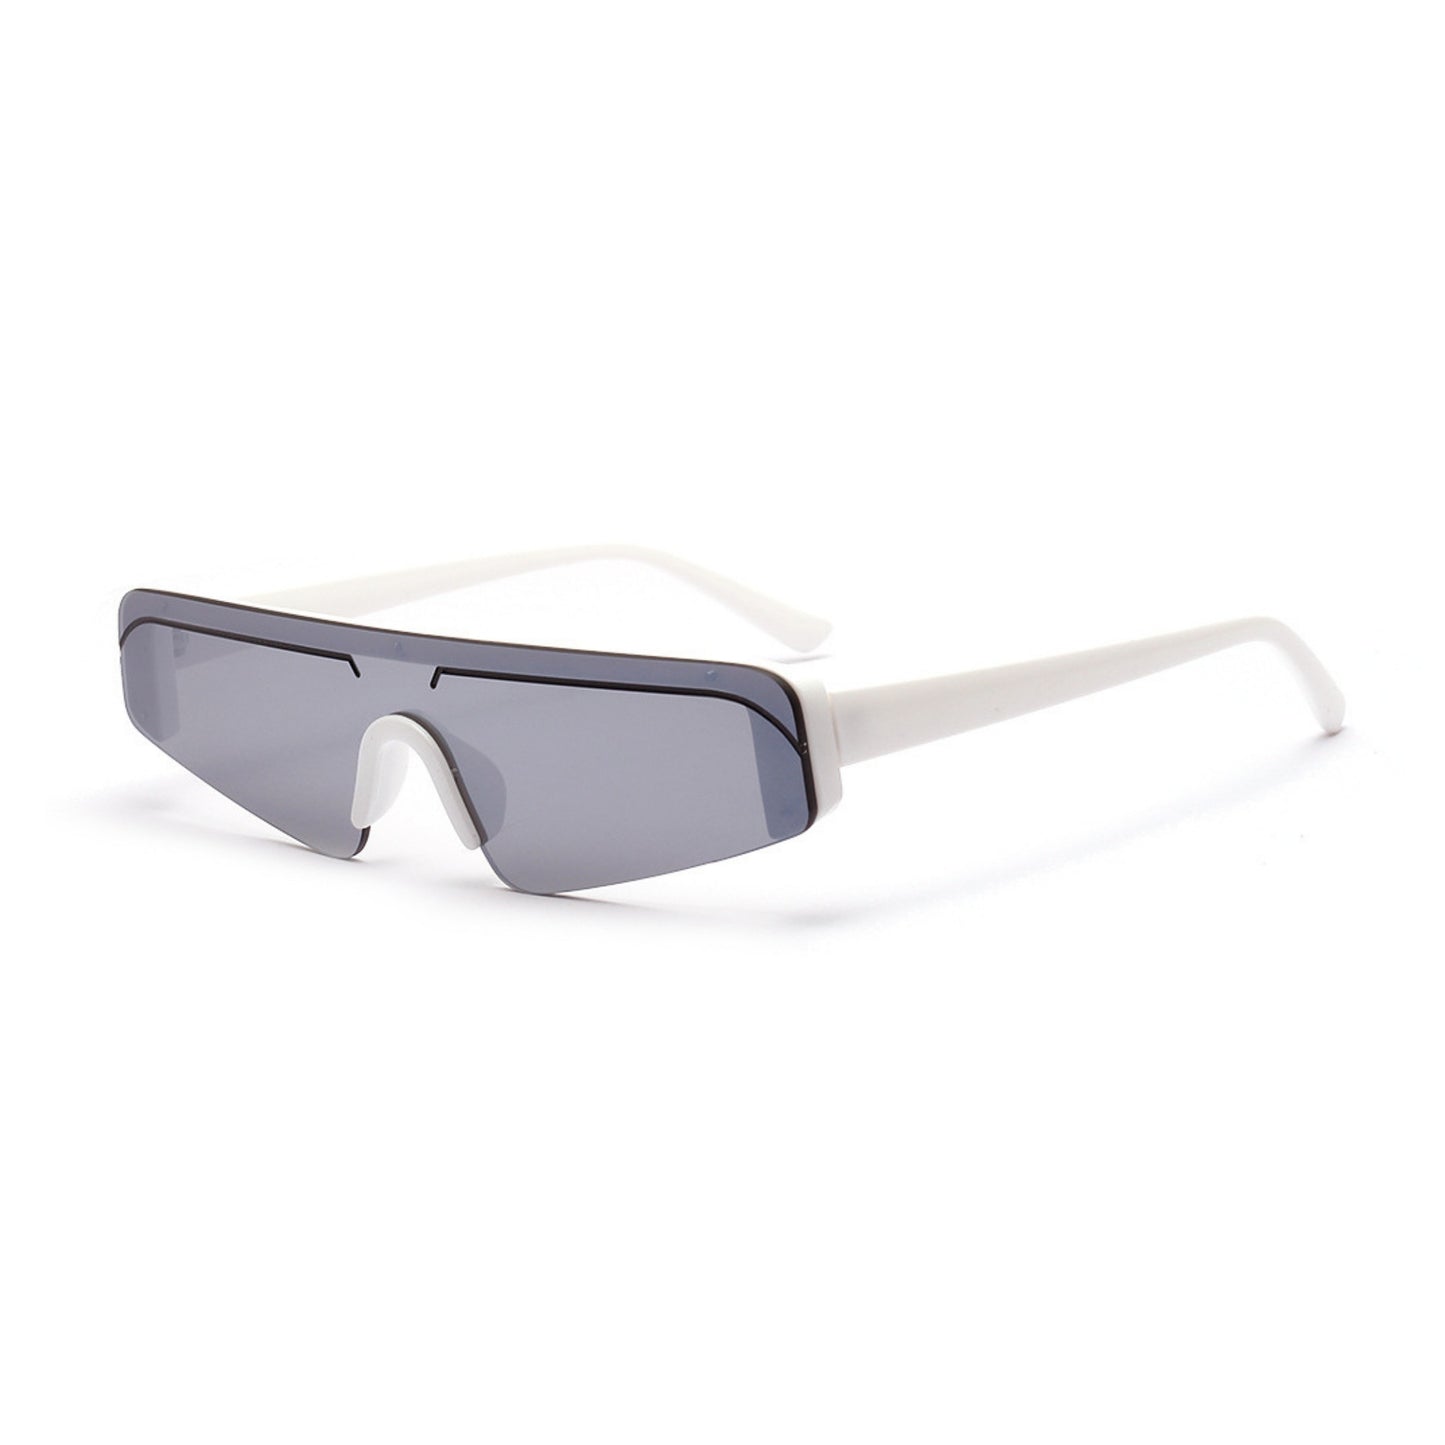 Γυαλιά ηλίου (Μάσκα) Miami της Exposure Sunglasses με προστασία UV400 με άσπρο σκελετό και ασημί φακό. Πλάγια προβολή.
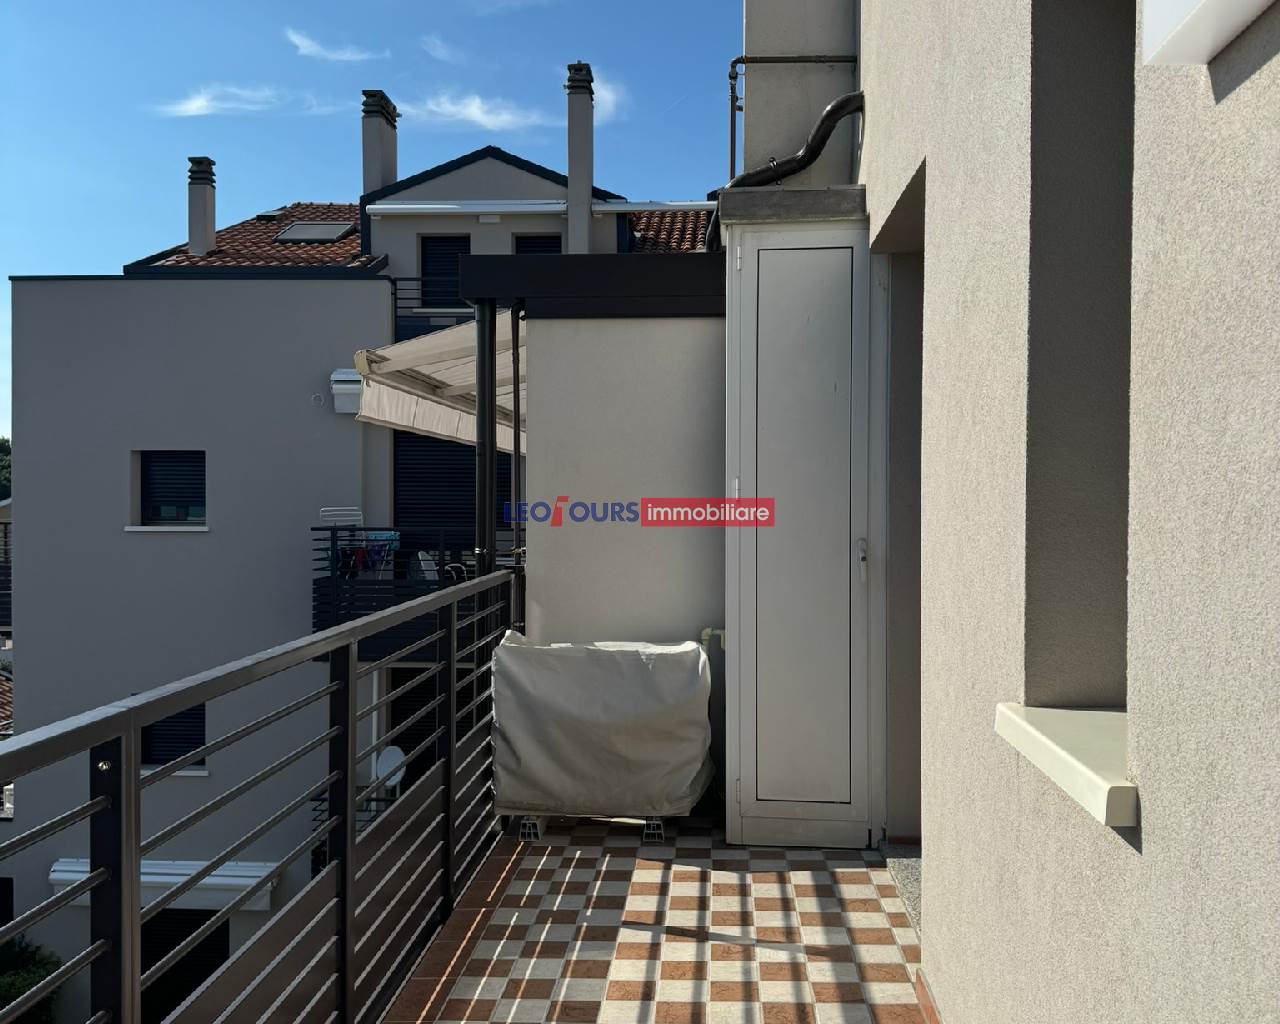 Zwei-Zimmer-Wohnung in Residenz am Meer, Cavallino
...
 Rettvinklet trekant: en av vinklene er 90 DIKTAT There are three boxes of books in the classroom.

=== Directions ===
Output exactly the lines above, beginning at the one with "Γυαλιά ηλίου (Μάσκα)" and stopping after the one with "Zwei-Zimmer-Wohnung in Residenz". Pictures are to be omitted.

=== Response ===
 Γυαλιά ηλίου (Μάσκα) Miami της Exposure Sunglasses με προστασία UV400 με άσπρο σκελετό και ασημί φακό. Πλάγια προβολή.
 Zwei-Zimmer-Wohnung in Residenz am Meer, Cavallino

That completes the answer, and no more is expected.